EU late payment directive
Three of the key points are:
- Enterprises will have to pay their invoices within 60 days, unless they expressly agree otherwise and if it is not grossly unfair.
- Enterprises will automatically be entitled to claim interest for late payment and will also be able to obtain a minimum fixed amount of €40 as compensation for recovery costs. They can claim compensation for all remaining reasonable recovery costs.
- The statutory interest rate for late payment will be increased to at least 8 percentage points above the European Central Bank’s reference. Public authorities are not allowed to fix an interest rate for late payment below this threshold.
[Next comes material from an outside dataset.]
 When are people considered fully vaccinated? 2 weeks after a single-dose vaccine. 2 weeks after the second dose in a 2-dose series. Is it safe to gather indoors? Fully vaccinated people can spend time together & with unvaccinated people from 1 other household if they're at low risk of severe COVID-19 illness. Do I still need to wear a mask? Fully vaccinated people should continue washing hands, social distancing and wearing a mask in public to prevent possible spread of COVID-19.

Make these rules part of your credit management
Some of your customers may hold a balance of power in their dealings with you that allows them to negotiate longer than 60 days to pay. So be it.
Apart from these customers, everyone else should be paying within 60 days and if they fail then you can use this legislation to recover your money.
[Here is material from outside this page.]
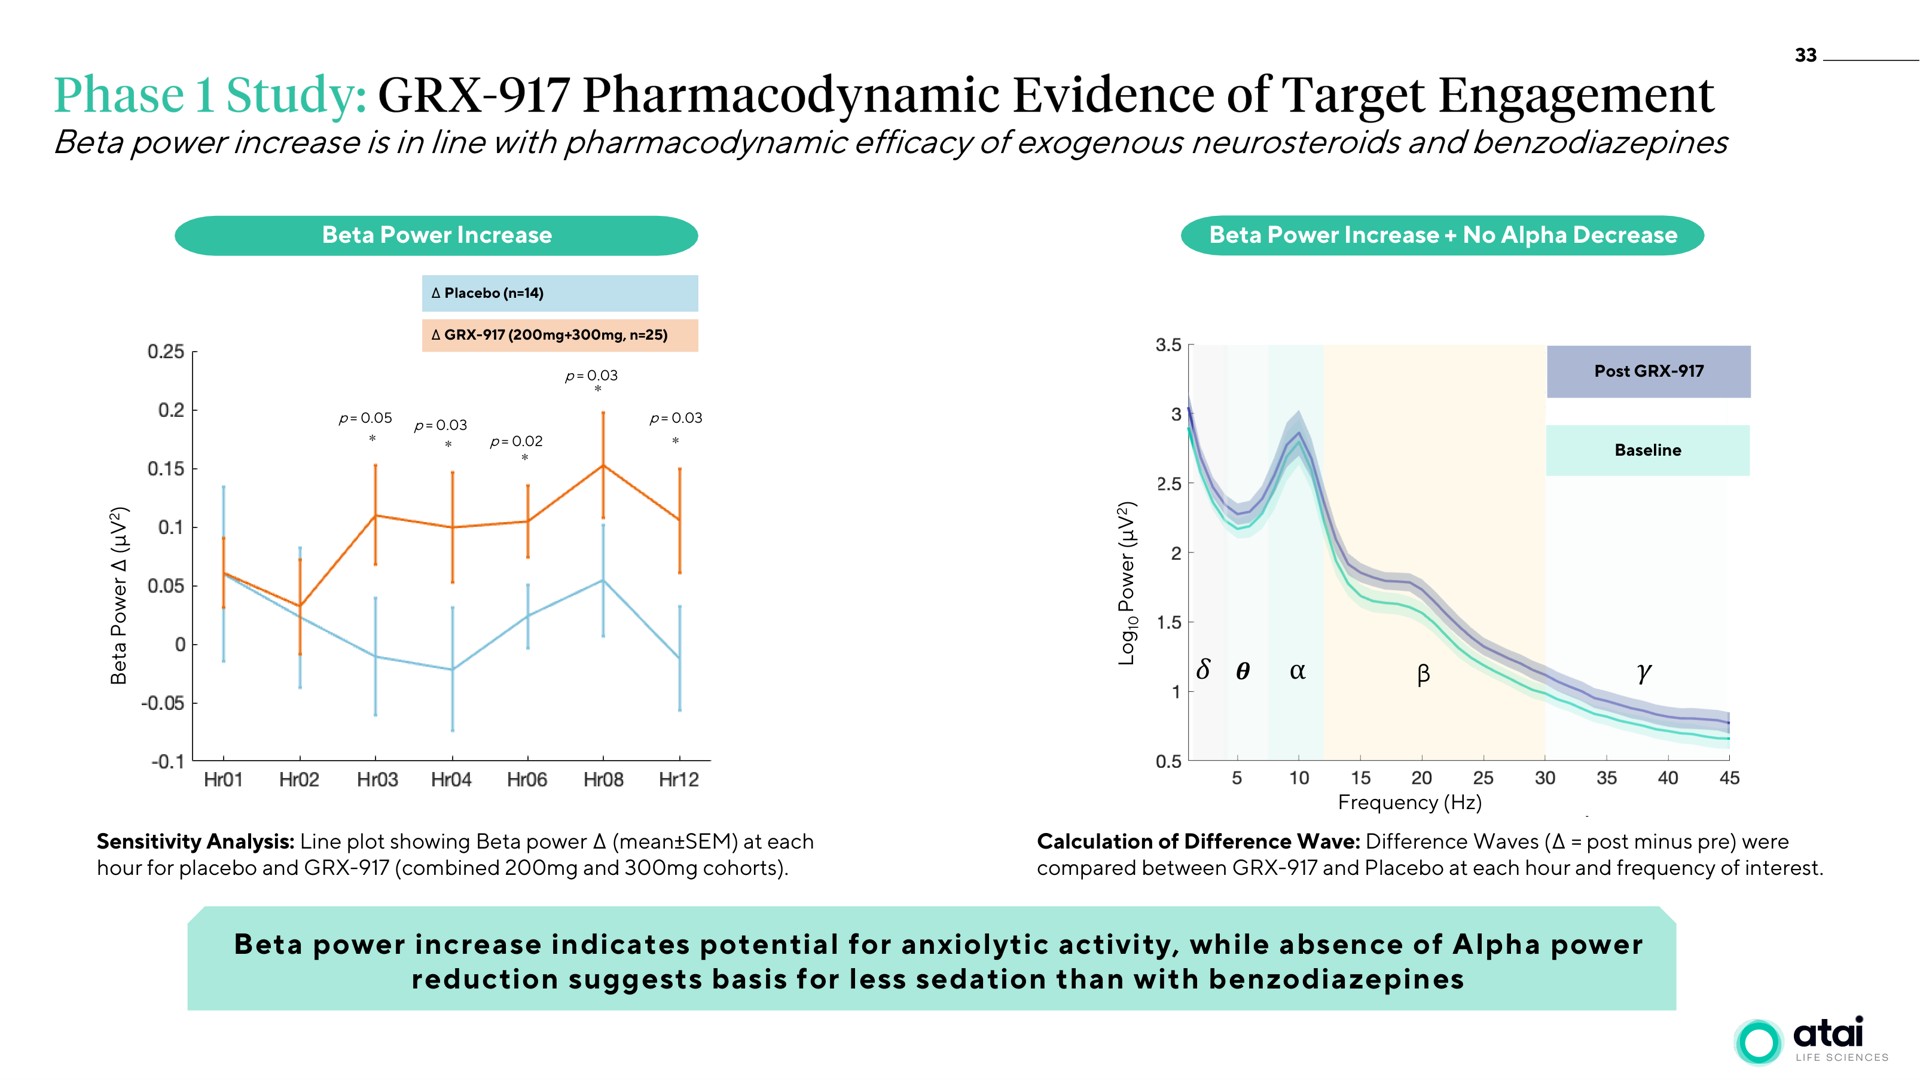 beta power increase is in line with pharmacodynamic efficacy of exogenous phase study evidence target engagement | ATAI

So warn your customers in advance but use the rules to your advantage and get paid quicker.
Don’t get bitten!
But don’t forget that the rules also apply to you and your creditors, so make sure you pay them on time!
How QuickBooks can help you benefit
Using QuickBooks you can incorporate references to the EU late payment directive into the documents you send to clients. For example, a reference can be included in the invoice template and also in the standard emails that accompany invoices and statements when these are emailed to clients.
On the creditor side, a regular review of the aged creditors report will reveal whether any suppliers’ bills are getting close to 60 days old.[Image courtesy of naypong/ FreeDigitalPhotos.net]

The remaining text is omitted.